Newtons laws describe the relationship between forces acting on an object and its resulting motion. Learn about Newtons Laws and how they apply to mousetrap cars.

Inertia is just a fancy word that means resistance to change. Mass is the numerical measurement of an objects inertia. Weight is related to mass and inertia but weight is not the same thing. Weight is a product of the amount of mass an object has and times the amount of gravity pulling on the mass. An example of the difference between weight and inertia can be understood using a bowling ball. On earth we can feel the weight of a bowling ball as the Earth's gravity pulls on the mass of the bowling ball. But, if we held the same bowling ball on the moon it would feel a lot lighter than it does on the earth because the gravitational field on the moon is much less than on Earth. Weight changes depending on the location of an object. Weight does not remain constant and depends on the strength of the gravitational field where the object is being weighed. Now if we compared the throwing of the bowling ball down an alley on the earth and then on the moon we would find that there is no apparent difference in force or feel of throwing the bowling ball. This is because the mass of the bowling ball is the same in each location and by throwing the bowling ball you are working against it's inertia and not it's weight.
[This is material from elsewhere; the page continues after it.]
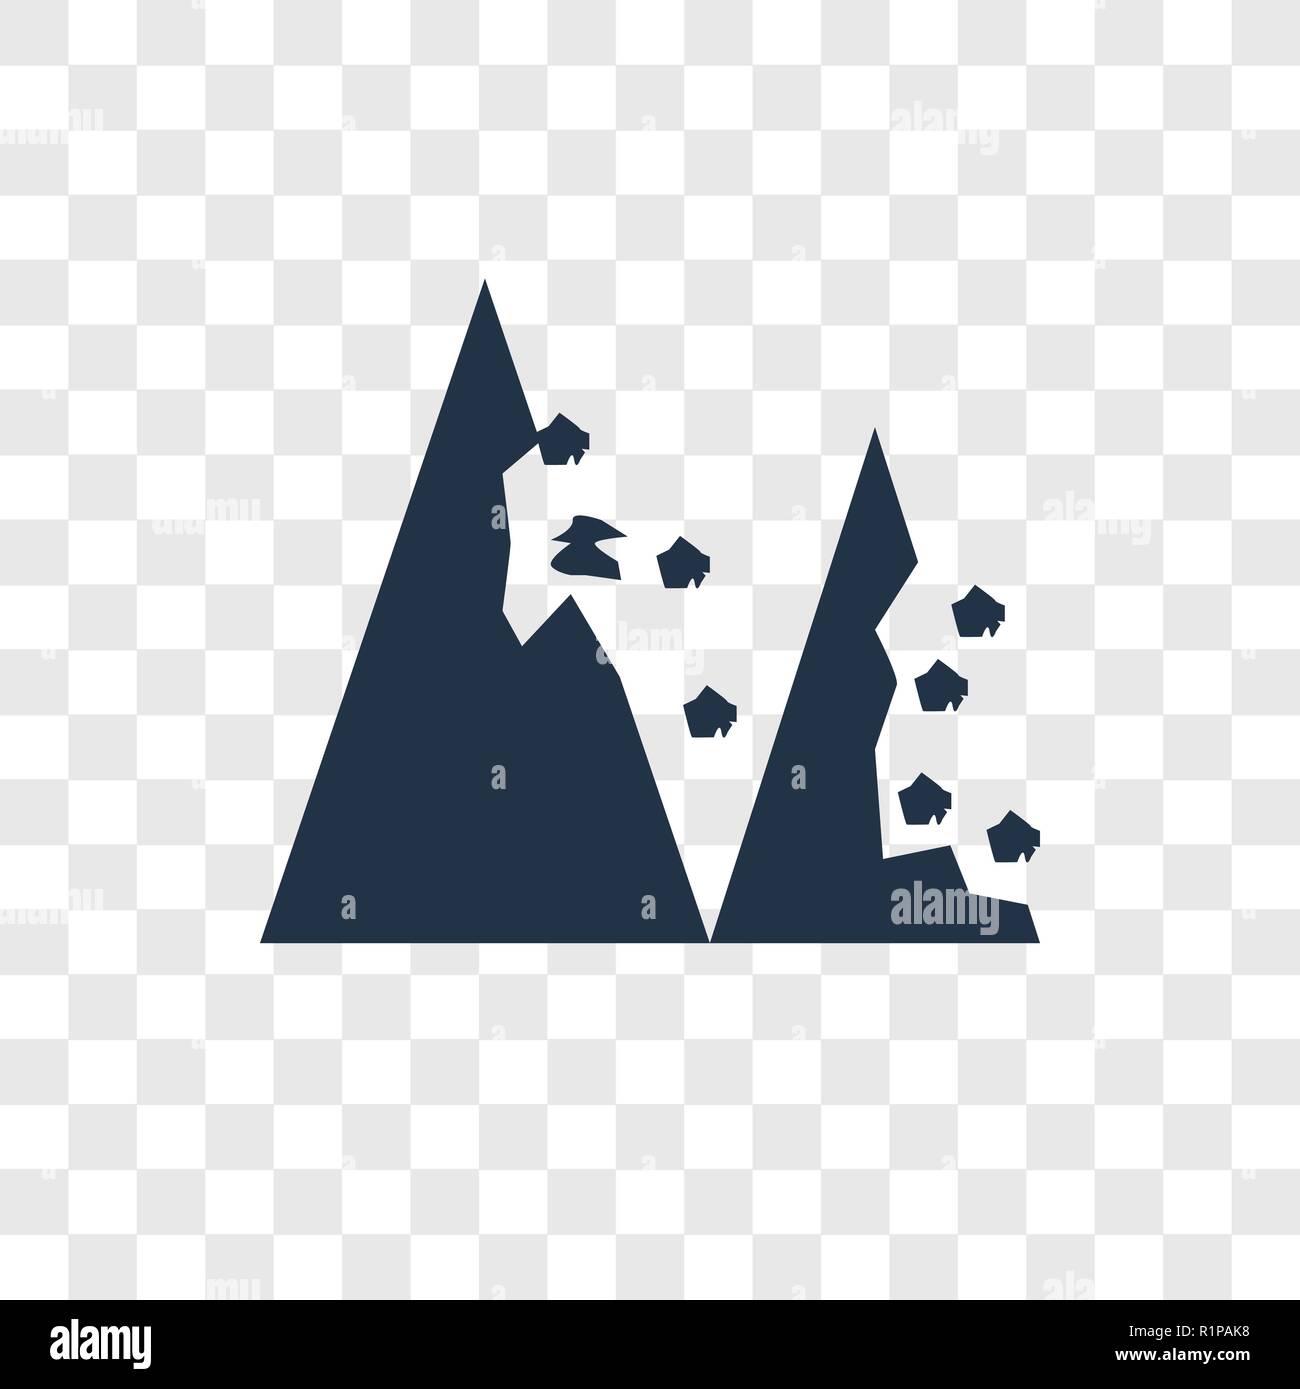 Landslide vector icon isolated on transparent background, Landslide transparency logo concept Stock Vector

mass vs weight: mass is measured on a balance, weight is measured on a scale.

Mass and weight are measured differently. Mass is measured on a balance by comparing an unknown masses to a known mass. Weight is measured with a scale where gravity can pull on the object. Wherever you go in the universe, your measurement of mass will not change, but your measurement of weight will change depending on the pull of gravity in your location. Knowing either mass or weight you can calculate the other if you know the strength of the gravitational field where you are doing your measuring.

w = m × g

weight: weight [w] is defined as the mass [m] of an object times the acceleration of gravity [g]. Weight is measured in newtons, mass is measured in kilograms, and gravity is measured in meters per second per second.

Newton's First Law of Motion

Newton's first law of motion basically states that objects like to keep doing what ever it is that they are doing. If an object is sitting at rest on a table or rolling along the floor then that object will continue to sit on the table or roll along the floor until a force is applied to the object in order to cause a change.

newton's first law of motion: Every material object continues in its state of rest or in uniform motion in a straight line unless it is compelled to change that state by forces acting on it.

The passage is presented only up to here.